El día que los dioses aprendieron a pensar antes de jugar

Hace mucho, muchísimo tiempo, cuando los dioses vivían en lo alto del Olimpo, se celebró una gran fiesta. Océano, el agua que rodea el mundo, y Gea, la Tierra, estaban siendo homenajeados. Había música, risas y montañas de dulces divinos.



De repente, Mercurio llegó corriendo —como siempre— con un objeto extraño bajo el brazo.

—¡Traigo un juego nuevo! —anunció—. No se gana siendo el más fuerte, sino el más listo.

Los dioses se miraron curiosos. Apolo, que era muy inteligente pero también un poco presumido, dijo:

—Seguro que gano yo. ¡Soy el dios de la sabiduría!

Fotografía: Hermes y Apolo jugando la partida de ajedrez

Mercurio sonrió y colocó un tablero con cuadros blancos y negros. Sobre él puso pequeñas figuras: reyes, reinas, elefantes, arqueros y soldados diminutos.

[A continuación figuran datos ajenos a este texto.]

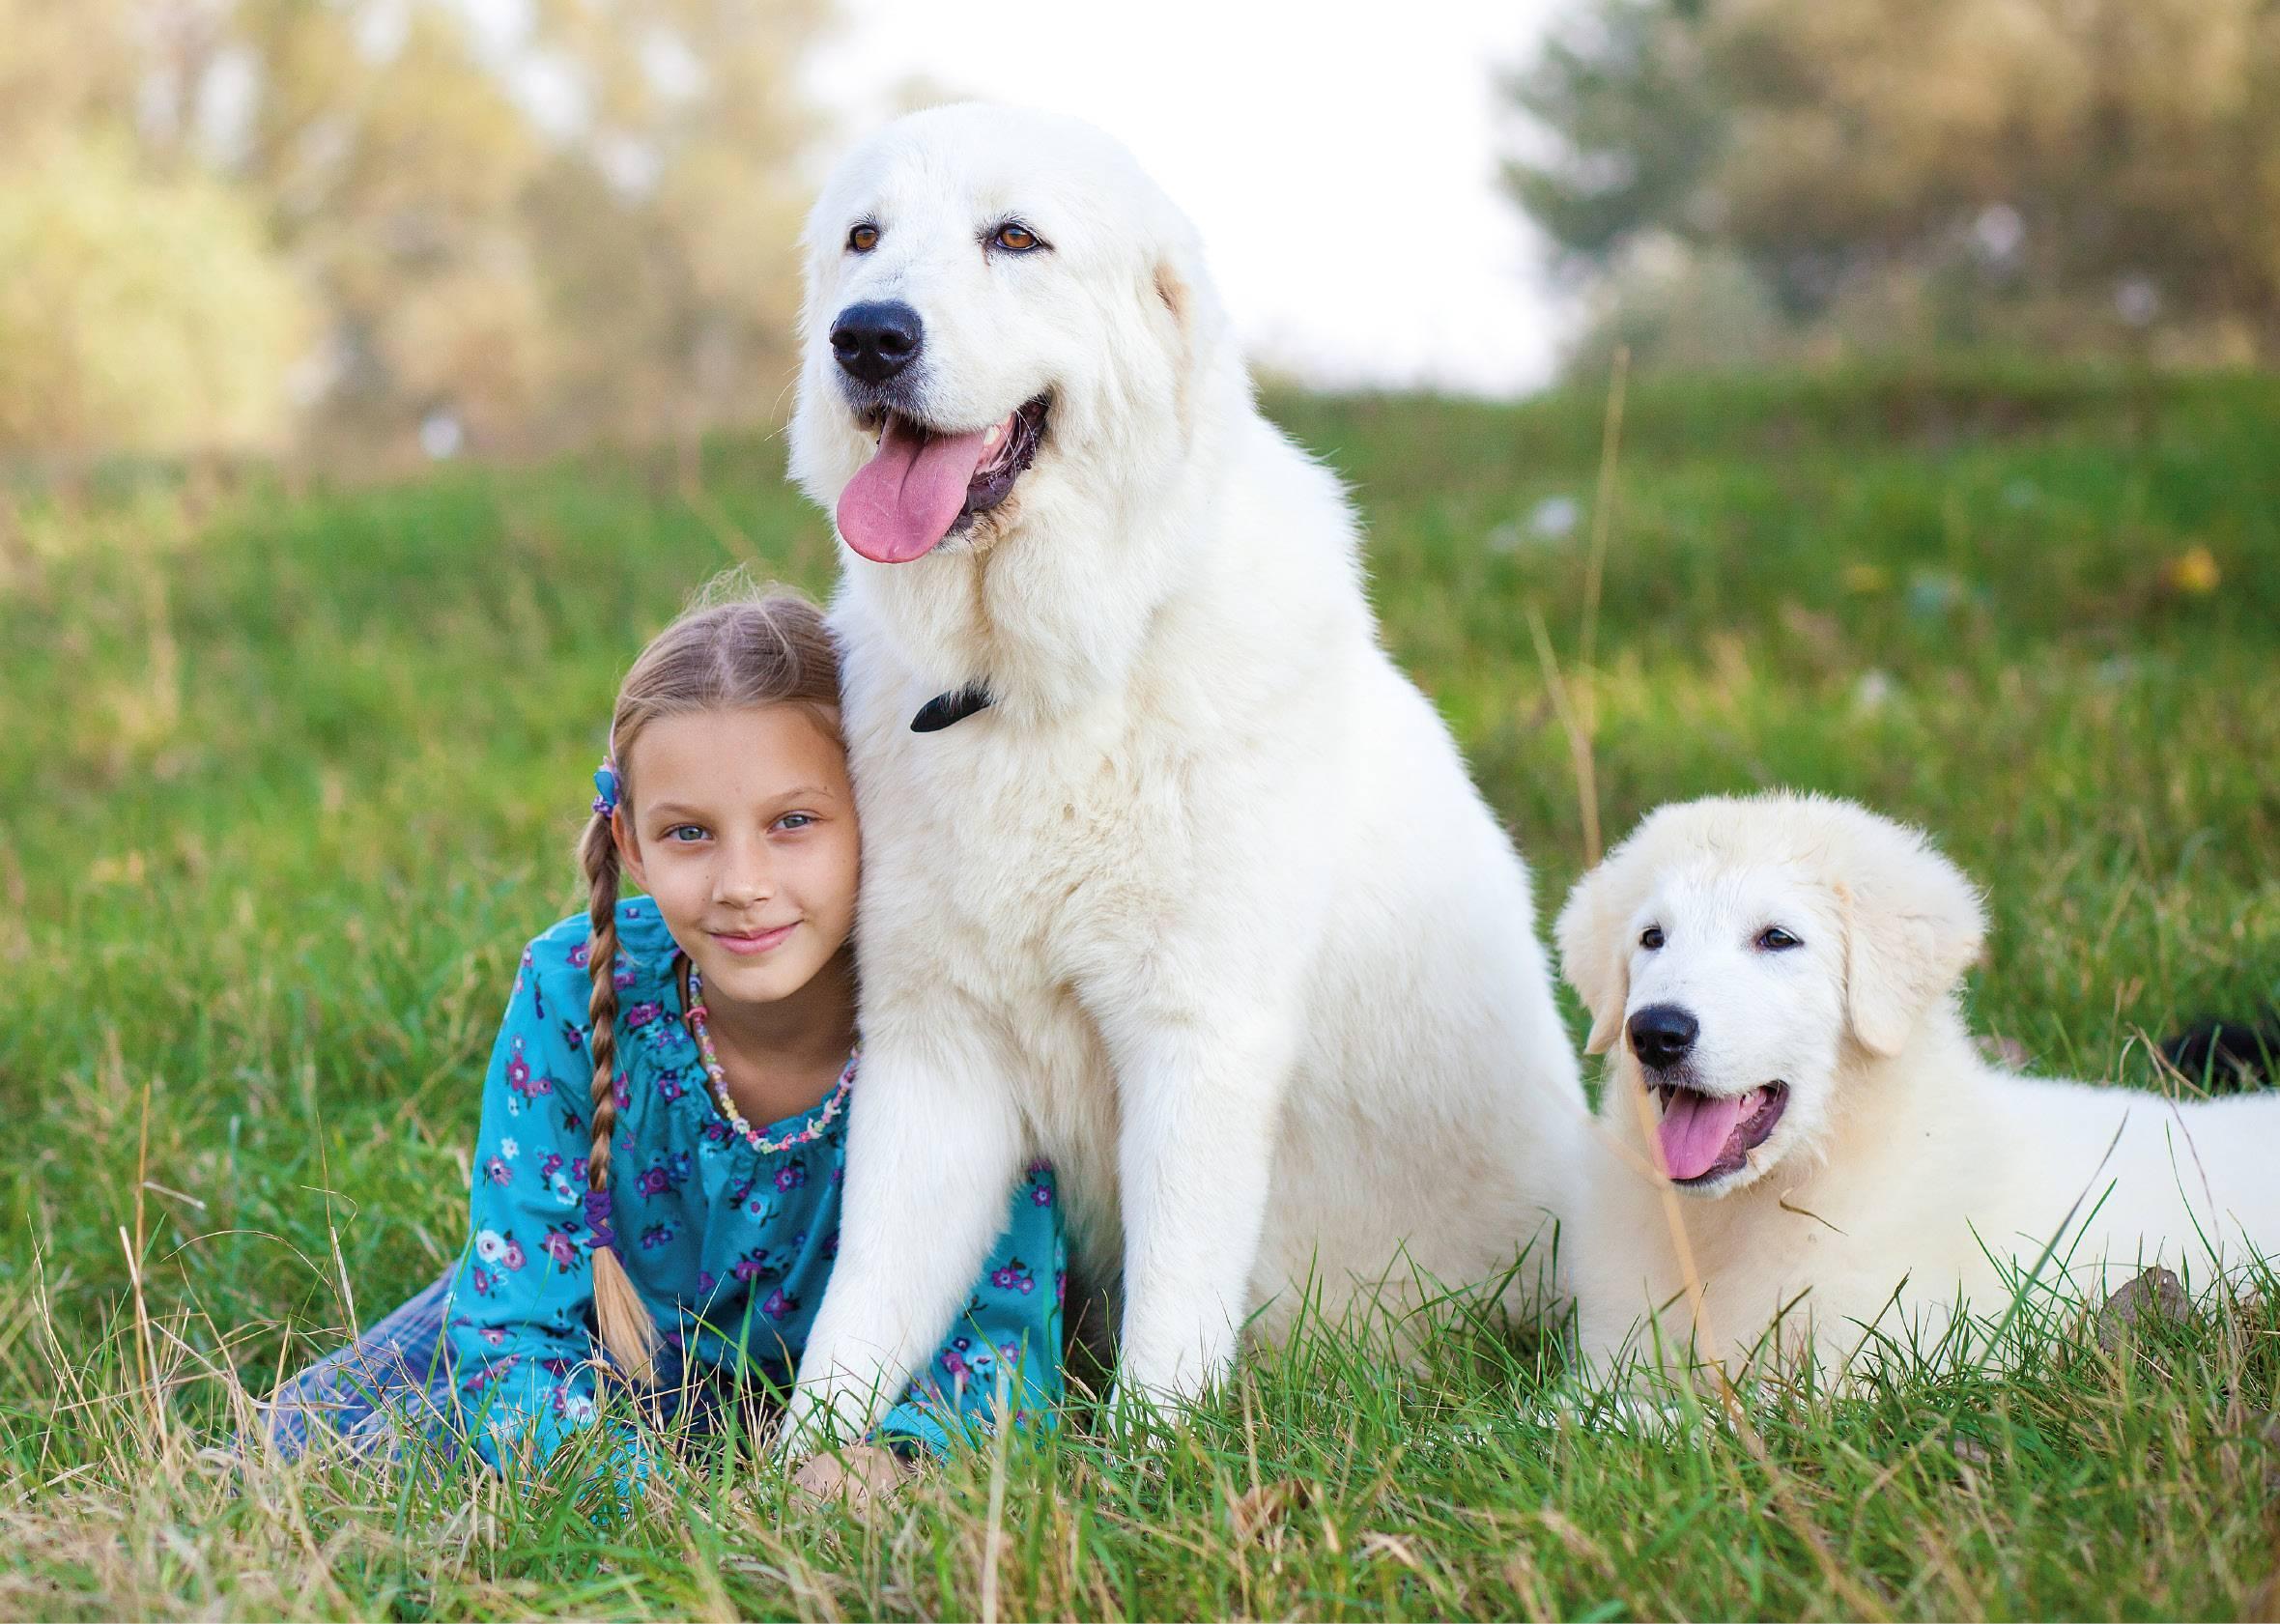 Мареммо-абруцкая овчарка: фото собаки маремма, характер и экстерьер породы собак

Antes de empezar, ocurrió algo gracioso:
Apolo intentó mover una pieza demasiado rápido y… ¡pum! Tiró medio tablero al suelo. Todos rieron, incluso Júpiter, que casi nunca reía. Apolo se puso rojo y dijo:

—Está bien… jugaré con más cuidado.

La partida comenzó. Apolo pensaba mucho antes de mover, y Mercurio usaba trucos ingeniosos. Algunas piezas avanzaban despacito, otras cruzaban el tablero como si volaran. Cada jugada era como resolver un pequeño acertijo.

Poco a poco, Apolo se dio cuenta de algo importante: cuando se apresuraba, perdía piezas; cuando pensaba con calma, jugaba mejor.

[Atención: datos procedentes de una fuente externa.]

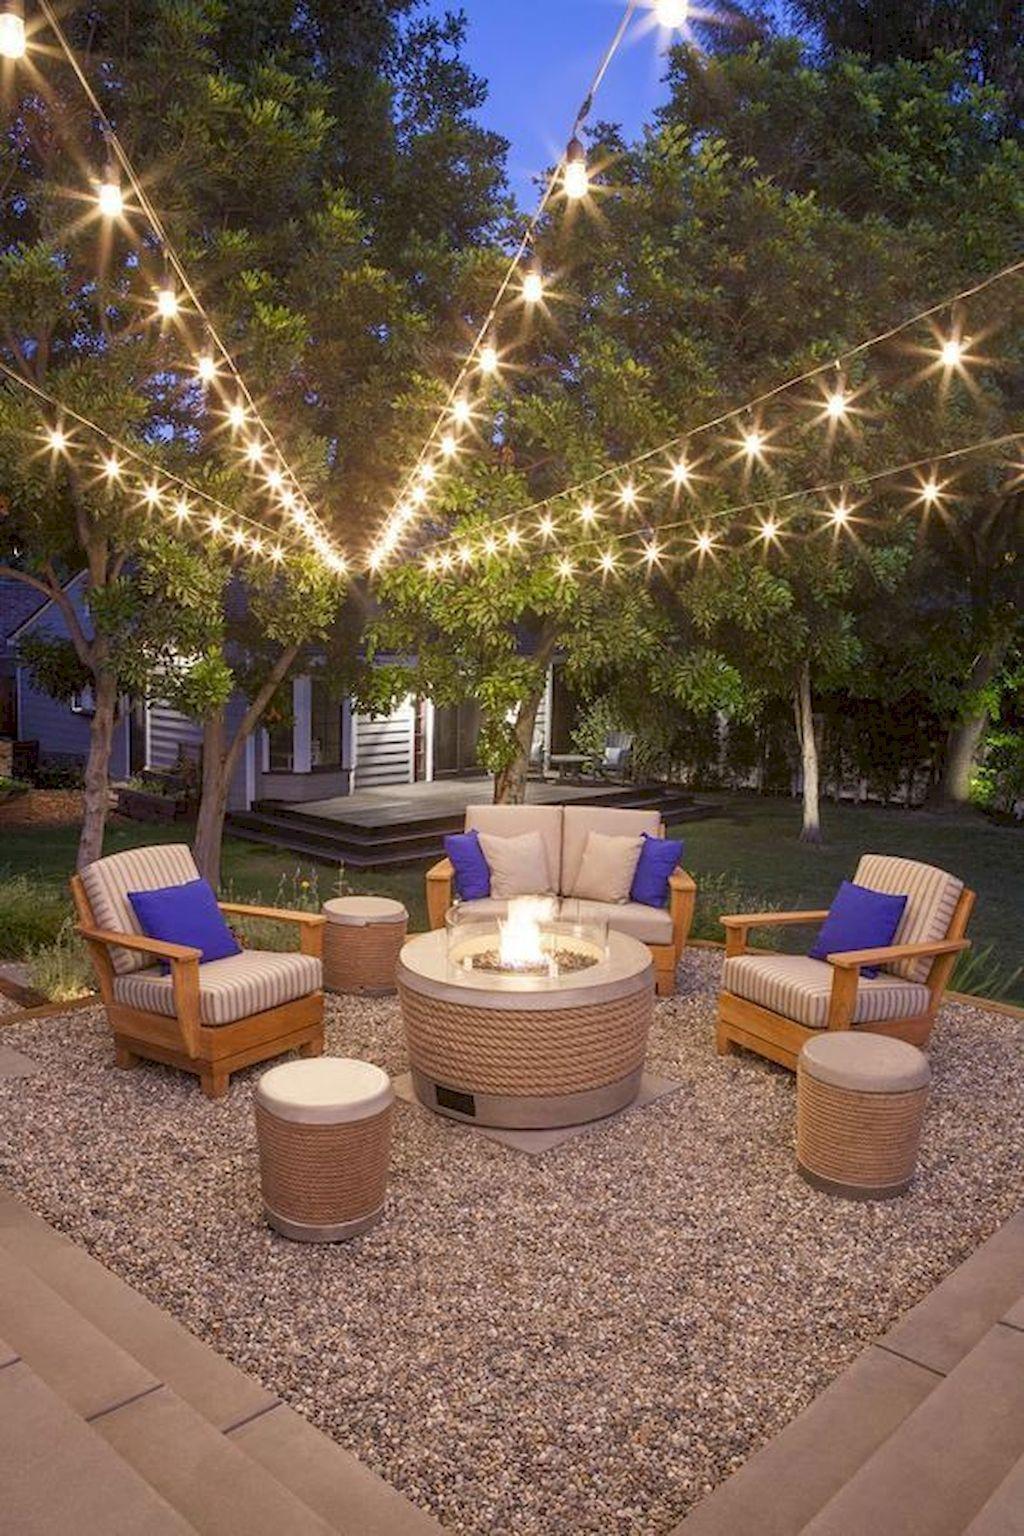 02 Summery Diy Backyard Projects Ideas To Mesmerizing Your Summer Homeideas Co Fire Pit Backyard Backyard Fire Backyard Patio

Al final, Mercurio ganó la partida con un movimiento sorprendente. Apolo no se enfadó. Al contrario, aplaudió.

—Hoy he aprendido algo nuevo —dijo—. No siempre gana quien corre más rápido.

Como premio, Mercurio regaló el juego a una ninfa llamada Scacchide y le pidió que lo enseñara a niños y niñas de todo el mundo, para que aprendieran jugando.

Y así nació el ajedrez, un juego que enseña a pensar antes de actuar.


🌟 Moraleja

No siempre gana quien es más fuerte o más rápido, sino quien piensa con paciencia y aprende de sus errores.